Your presence at my graduation would mean a lot. Some people here do miss you, still.
Yours sincerely,
Sofia Anatolievna Sergievskaya

Ten years after the events of Bangkok, Anatoly goes home.

Notes:

hii nien ^-^ go to anatoly horrors... i really enjoyed your prompt list i think anatoly is such an interesting character but i don't think about him nearly as much so this was a fun excuse to get inside his head a bit!! i had a blast writing this fic and i hope you also have fun reading it :)

Chapter Text

 

Father,

It feels strange calling you that, you know? I never called you that when I was little — I guess maybe you don’t remember. It was always Papa, just like most of the other kids. But I tried starting a letter that way and it felt wrong, so I hope you’ll forgive the formality.

I know you don’t want to come home. I’m eighteen now; I’m well over that particular delusion. You are happy in the West, clearly. I was sad to hear you’d retired from chess so soon after you won, but nobody can play forever. Alexander Ivanovich says you’re teaching mathematics now, is that true? I can’t imagine that pays well. Maybe it’s different in England.

The reason I write is only to inform you of my upcoming graduation from secondary school. It is in only a few months — May 22nd, to be exact. You must be aware of how travel restrictions have been changing, with glasnost and the fall of the Berlin Wall. Everyone I have talked to thinks that you would be able to safely come and visit for a few weeks. My friend has relatives from West Germany who visited last month. I know your situation is different, but I feel confident you could do the same. I do hope so, anyway.

Your presence at my graduation would mean a lot. Some people here do miss you, still.

Yours sincerely,

Sofia Anatolievna Sergievskaya

“You can’t possibly be seriously thinking about it,” Freddie says after reading over the letter in full, pushing his (newly acquired, much lamented) reading glasses back onto his head.

“So what if I am?” Anatoly retorts, suddenly on the defensive.

“So what? There’s no way you think they’ll actually let you back into the country. I know shit’s all chaotic now after Berlin, but they’re still gonna notice a famous defector trying to get back in, come on.”

“Sofia says—”

“Sofia’s a kid. The hell does she know?”

“She’s eighteen, and she lives in Moscow. I'd imagine she knows a thing or two about the political situation there.”

“She knows what they tell her! I bet she's been fed a very nice story about how free everything is now, but that doesn’t mean you have to risk your luck believing it.”

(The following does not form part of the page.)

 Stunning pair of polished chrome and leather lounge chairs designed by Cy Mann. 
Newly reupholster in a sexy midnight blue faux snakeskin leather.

“Get over yourself,” Anatoly says, snatching the letter back. “Since when are you this concerned about my safety, anyway?”

Freddie doesn’t respond to that, only crosses his arms and stalks off to the kitchen. Anatoly can hear him slamming cabinets.

“Very mature,” he calls after him, although Freddie probably can’t hear him over the noise he’s now making. Anatoly sighs, folding the letter back up and putting it back in the drawer by his bedside table, where it’s been residing for the past week since he received it.

It’s a better response than it could have been, actually. In the going-on six years they’ve been living together, Freddie and Anatoly have had much nastier arguments over much smaller infractions. Anatoly had hoped that Freddie might have more tact when it came to his children, but if he was going to get pissy about it, a short spat isn’t the worst way it could have gone.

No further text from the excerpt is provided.